Option 1: The sleep sack. I put it on her last night and she couldn’t get out of the crib at my mom’s house. I am not sure if this is because my mom’s crib is better than ours and she can’t balance on it or if the sack is actually keeping her from hoisting her legs over the side. What they don’t tell you when you are shopping for baby furniture is that while the beautiful decorative crib you are purchasing for your sweet demon baby may look pretty, if the front of the crib has a nice thick ledge (like the one I’ve got), she’s going to balance her sleep revolting ass on it and get out. The crib at my parents house has no such ledge, and therefore may be better for keeping the kid contained. We’ll see how the sack works back at our house.

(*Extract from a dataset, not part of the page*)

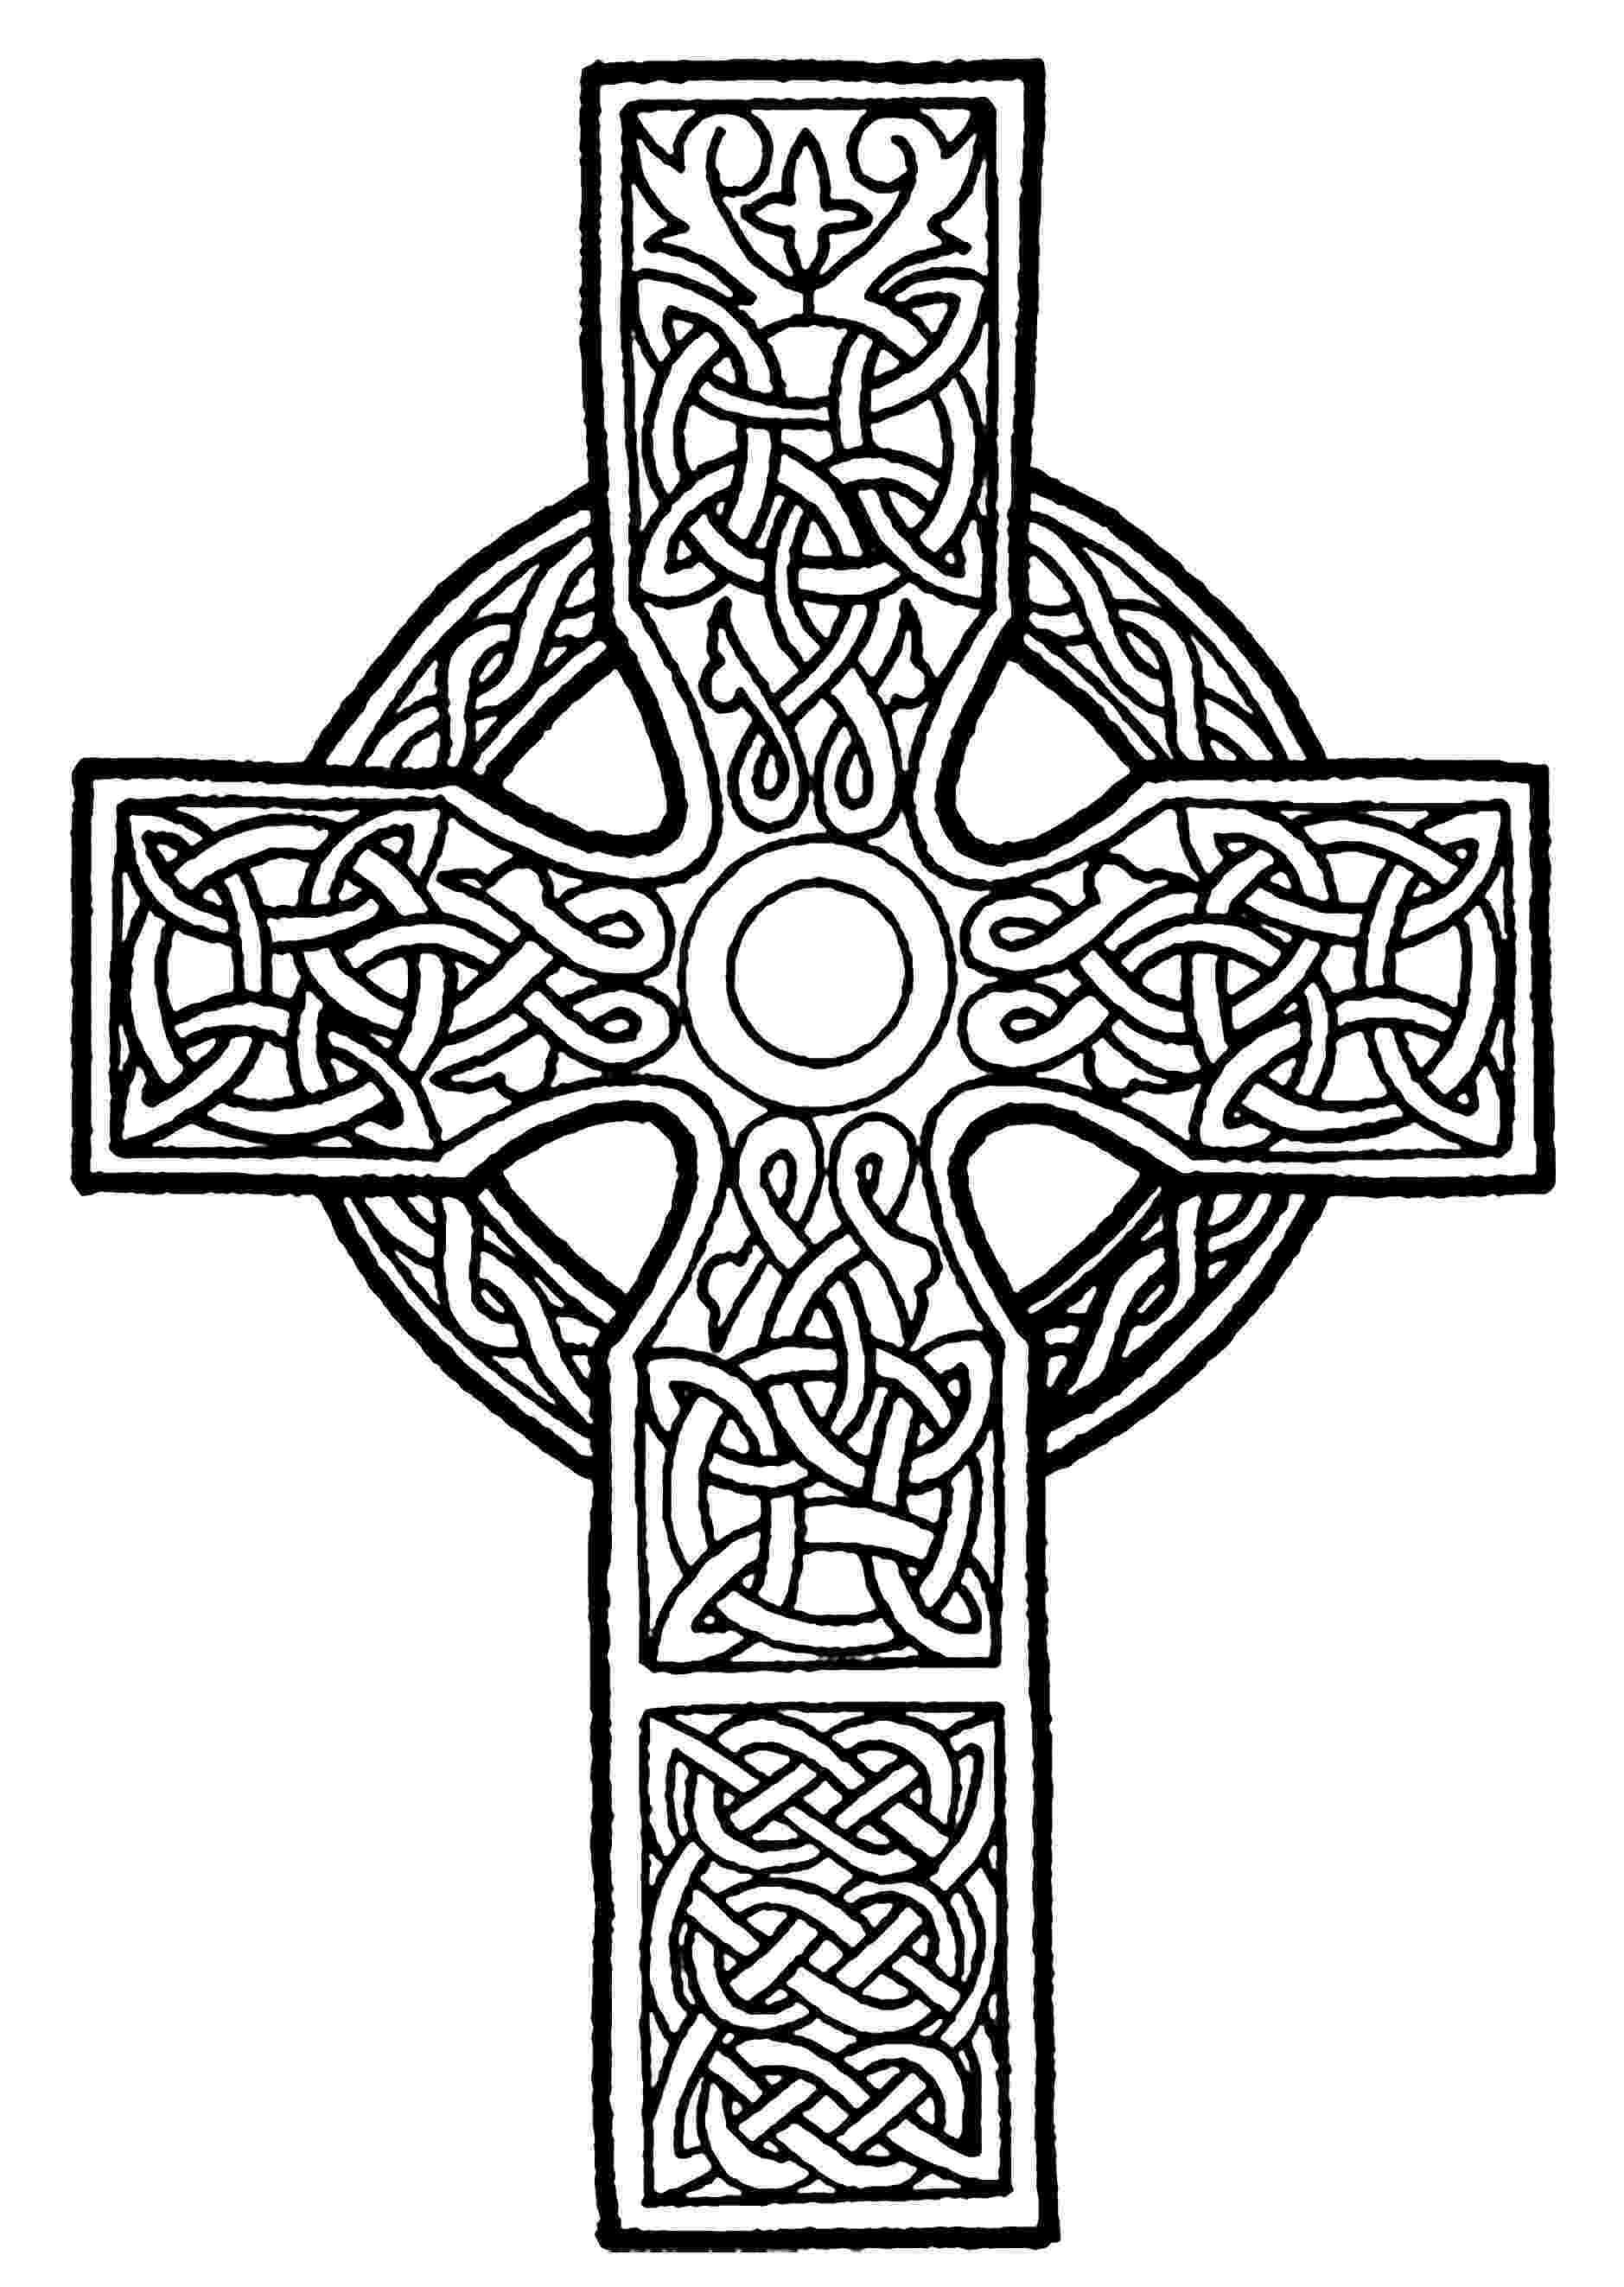 celtic art celtic dragons 3 by feivelyn on deviantart celtic celtic art
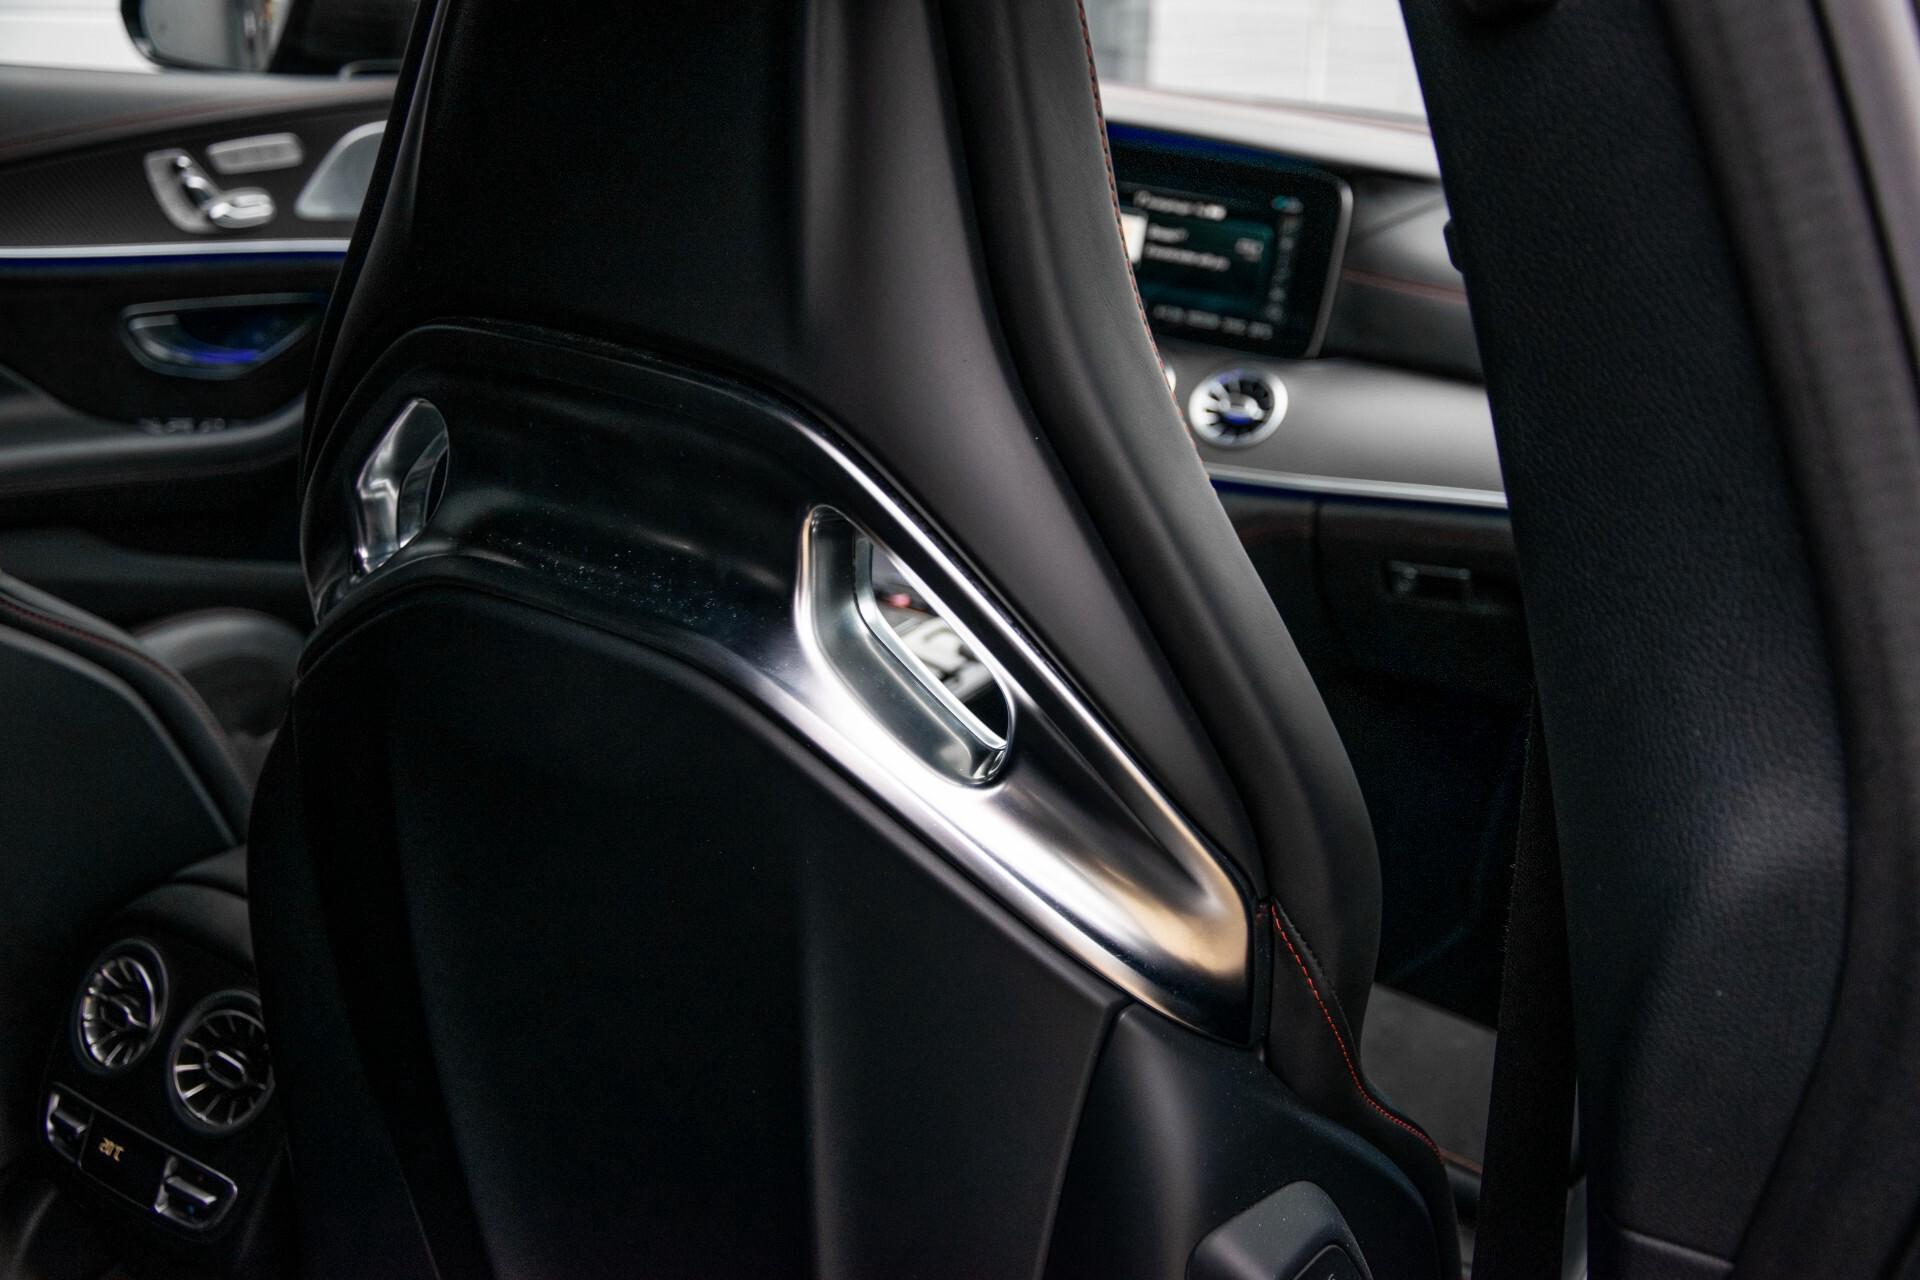 Mercedes-Benz AMG GT 4-Door Coupe 63 S 4M+ Keramisch/Full Carbon/Aerodynamica/Burmester 3D/TV/Performance stoelen/Standkachel Aut9 Foto 56

Option 2: If the sack doesn’t work, I’m going to try and see if we can remove the springs that the mattress rests on and put the mattress on the floor like she is some kind of animal. WHICH SHE IS. BECAUSE SHE KEEPS CLIMBING LIKE A MONKEY. If this doesn’t work, we are left with our third option.
Option 3: Turn the crib around. This will look RIDICULOUS, but the back of her crib is much, much higher than the front and therefore if the ledge portion is against the wall she won’t be able to get out. I don’t know how we’ll get her in it though. We might have to throw her over the top, which probably won’t help her sleeping.
Option 4: Tie her legs together like a turkey. This is my favorite option, but I was told it is child abuse, so I guess I can’t commit to this option. Drats.
I swear, when one thing starts to get easy and you think you’re in the clear, you’re thrown a curve ball. I have been up since 4:30 this morning because I had a nightmare that she climbed out of the crib and pulled a dresser onto herself and I couldn’t get myself to relax. The anxiety is so real. It’s crazy how worked up you can get over all the what ifs in parenting.
Please pray that one of these options work, because I am telling you I will tie her legs together before I venture into big girl bed territory. NOT READY NOT READY NOT READY.